Schooling which teaches the ‘preeminence’ of a sharia-based legal system (Islamic jurisprudence) over any other governmental system should raise profound concern in non-Muslim and Muslim Americans about the creation of an insidious political insurgency.

Discerning Islamist from non-Islamist Schools - a guide to begin the debate

The only way to counter such an insidious ideological insurgency is for us as a nation to undertake a far-reaching analysis and public discussion about what students at these Islamic schools are actually being taught about ‘sharia’ law and its role in the society. Here are a few questions American communities may want to pose to principals and curriculum coordinators of local Islamic schools in order to understand whether the school has a political agenda in its teachings or not.

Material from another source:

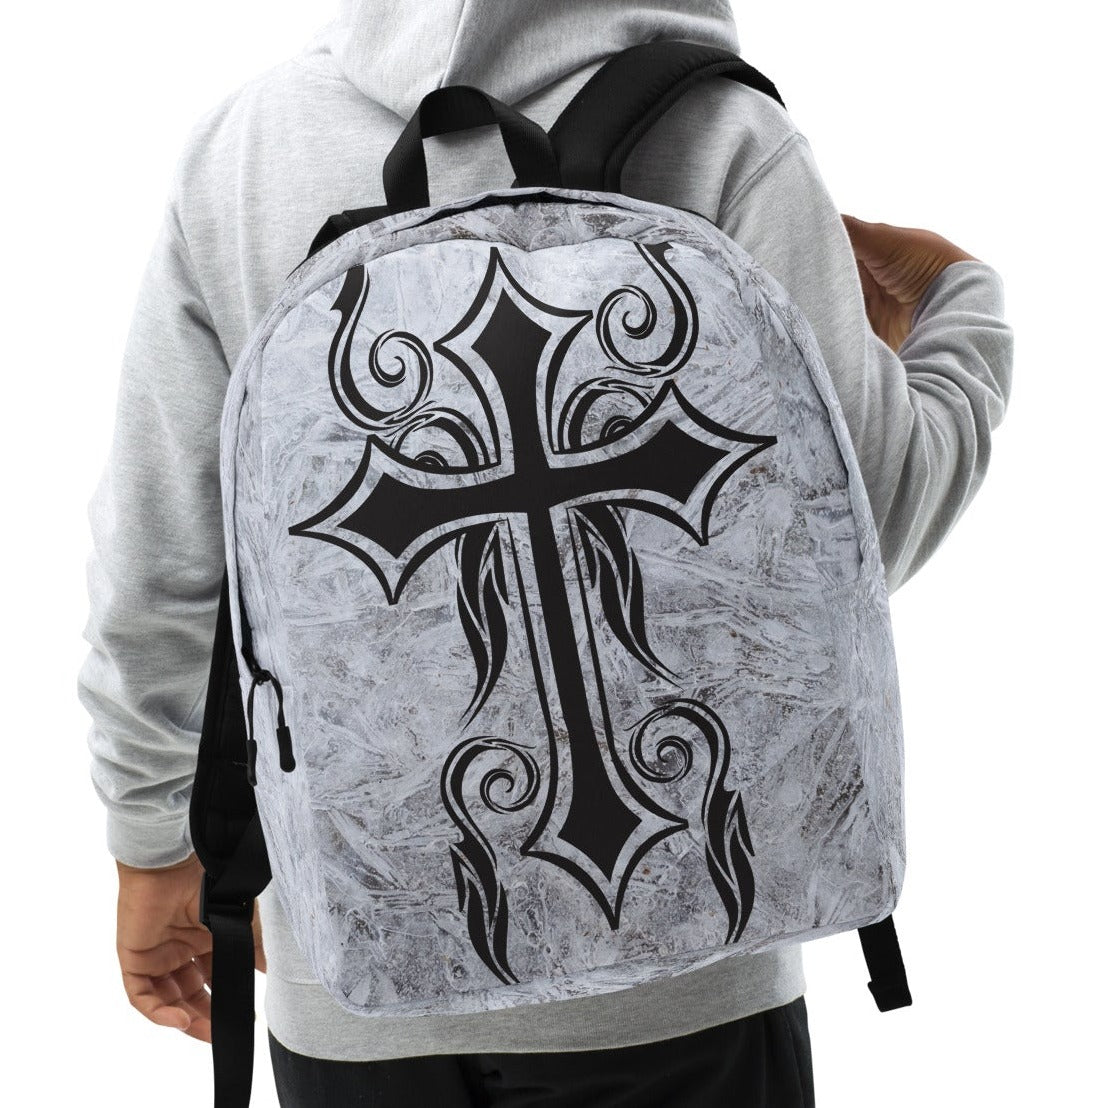 Minimalist Backpack Cross Crucifix Design

How does the school teach American history and the U.S. Constitution and Bill of Rights? What is taught about the struggle of our founding fathers against theocracy? Is European Enlightenment ideology taught? Are students encouraged to learn from non-Muslim philosophers especially those who influenced our founding fathers and taught liberty and freedom?

Are students taught that sharia is only personal or that it also specifically guides governmental law? Does their answer change whether Muslims are a minority or a majority?

Do they view non-Islamic private and public schools as part of a culture of ‘immorality’ and decadence since they are not Islamicized or can non-Islamic schools be morally and equally virtuous?

Do they teach their children that ‘being American’ and being ‘free’ is about moral corruption or is being American and free about loving the nation in which they live and sharing equal status before the law regardless of faith tradition?

Is complete religious freedom a central part of faith and the practice of religion? In the Islamic school, how are children treated who refuse to participate in school faith practices?

Are the children taught Muslim exclusivism with regards to the attainment of paradise in the Hereafter? From that, are the children also taught that government and public institutions must thus be ‘Islamic’ in order for the community as a whole to be able to enter the gates of Heaven?

How are student discussions, debate, and intellectual discourses approached regarding American domestic and foreign policy? Do the teachers have a political agenda? Does that agenda demonstrate a dichotomy between Islamist interests and American interests?

Is the historical period of Muslim rule of Spain (Andalusia) taught in the context of the history of the world during the Middle Ages or is it looked upon as superior to current day American ideology even after the advances of the Enlightenment?

Is the pledge of allegiance administered every day at the beginning of the school day?

Certainly, this analysis and exposure would not be in any way to limit the freedom of Muslims to establish and operate these private educational facilities. But rather, quite the contrary, with exposure of the political Islamist agenda of many of these schools, Islamist schools will be slowly marginalized or obligated to reform. Then the non-Islamist and anti-Islamist schools will flourish while teaching reasoned pluralistic Islamic thought wholly compatible with the foundational principles of America.

It is not too much to expect schools operating on American soil to manifest an ideology which is not politically anathema to the founding ideals of our nation.